Reputation: 313
col.names was added on data.table 1.9.6 so issue is over and everyone super happy :) I think I can now convert all my read.csv calls to fread calls without worries of destruction
using data.table 1.9.4
I'm importing read.csv calls to fread due to HUGE performance improvements we've noticed. Most issues I can handle but I've reached a point where I'm clueless and wonder if anyone has an elegent solution.

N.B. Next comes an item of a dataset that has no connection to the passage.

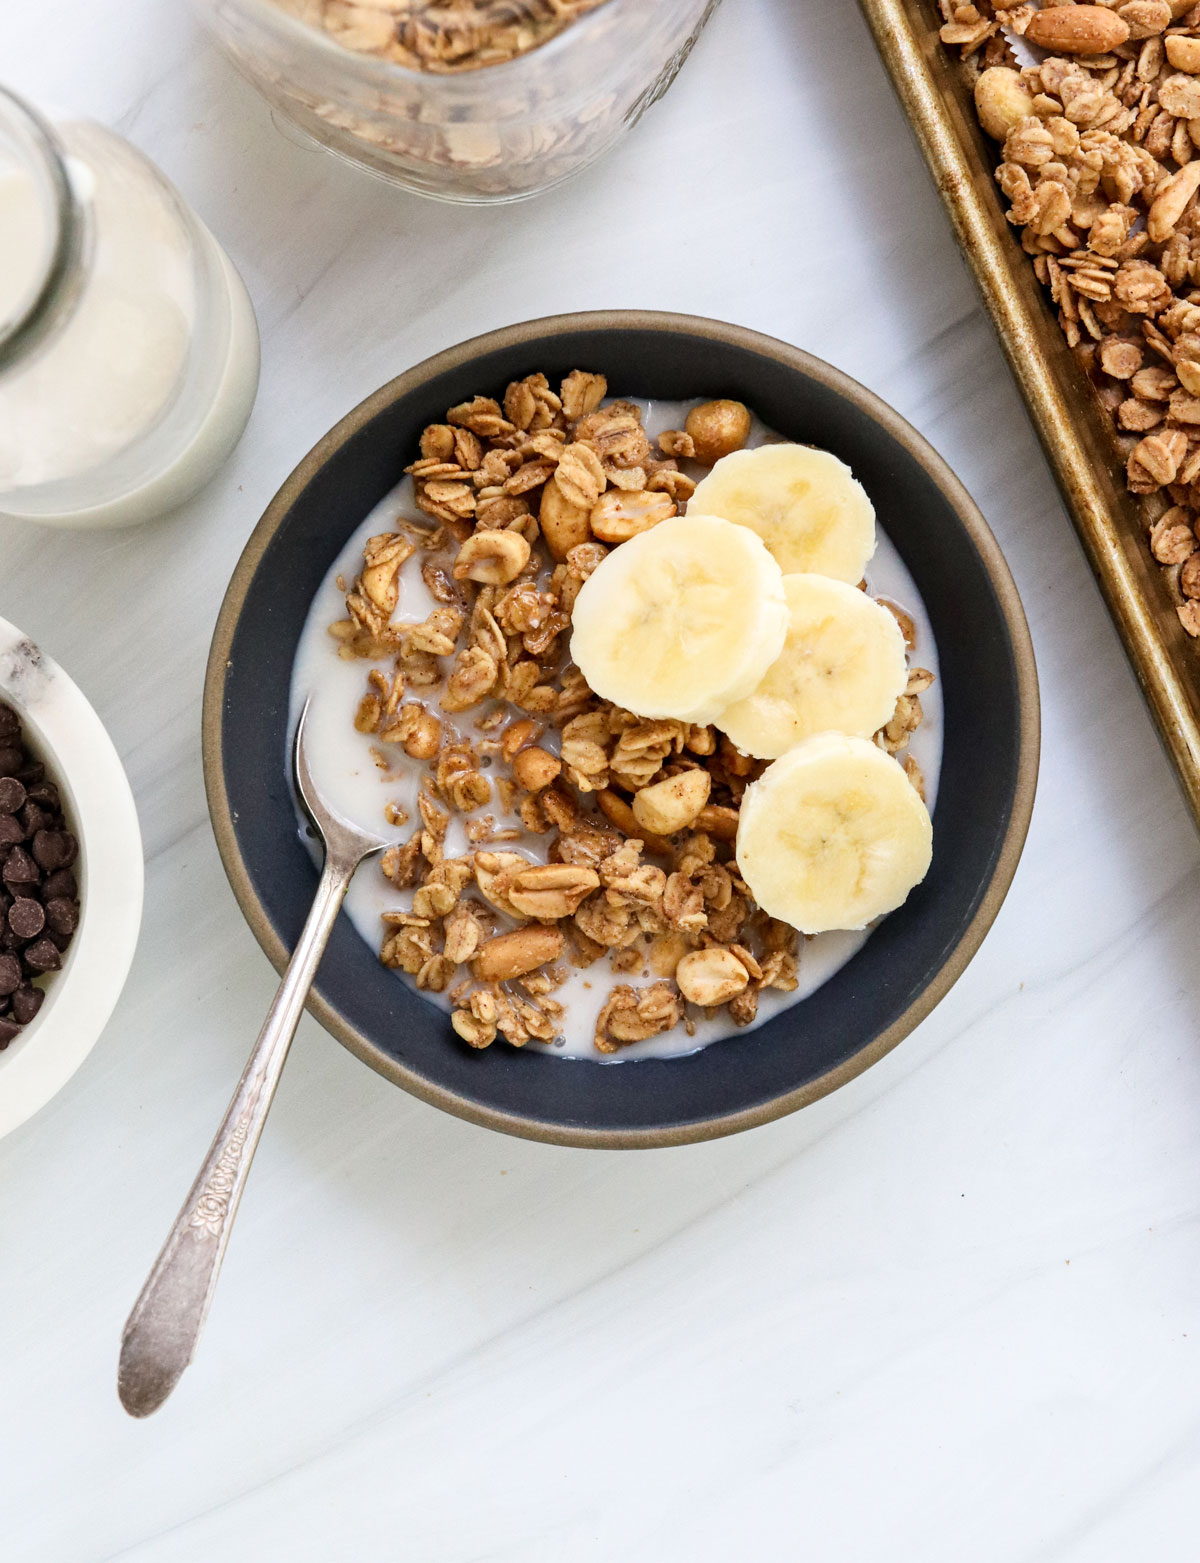 peanut butter granola served with milk and bananas.

My problem is that I have named colClasses but the input has no header (it's a grep function), here's a silly example to make sense:
males.students <- read.csv(pipe("grep Male students.csv"),
col.names=c("id", "name", "gender"),
colClasses=(id="numeric"))
now in fread I still want the named colClasses but I have no col names so just using
males.students <- fread("grep Male students.csv"),
colClasses=(id="numeric"))
fails with
Column name 'id' in colClasses[[1]] not found
How can I fix that? are there plans to add col.names?
Upvotes: 4
Views: 1889
Reputation: 9621
Answering the original question, if the problem is that grep
removes the header, you could use awk
instead, to print the first line and any lines containing "Male":
fread("awk 'NR==1 || /Male/' students.csv"), colClasses=(id="numeric"))
This might help people that still use the old version of data.table
.
Upvotes: 0
Reputation: 49448
Add the names in the command line:
fread('echo "id,name,gender"; grep Male students.csv', colClasses = c(id='numeric'))
Upvotes: 3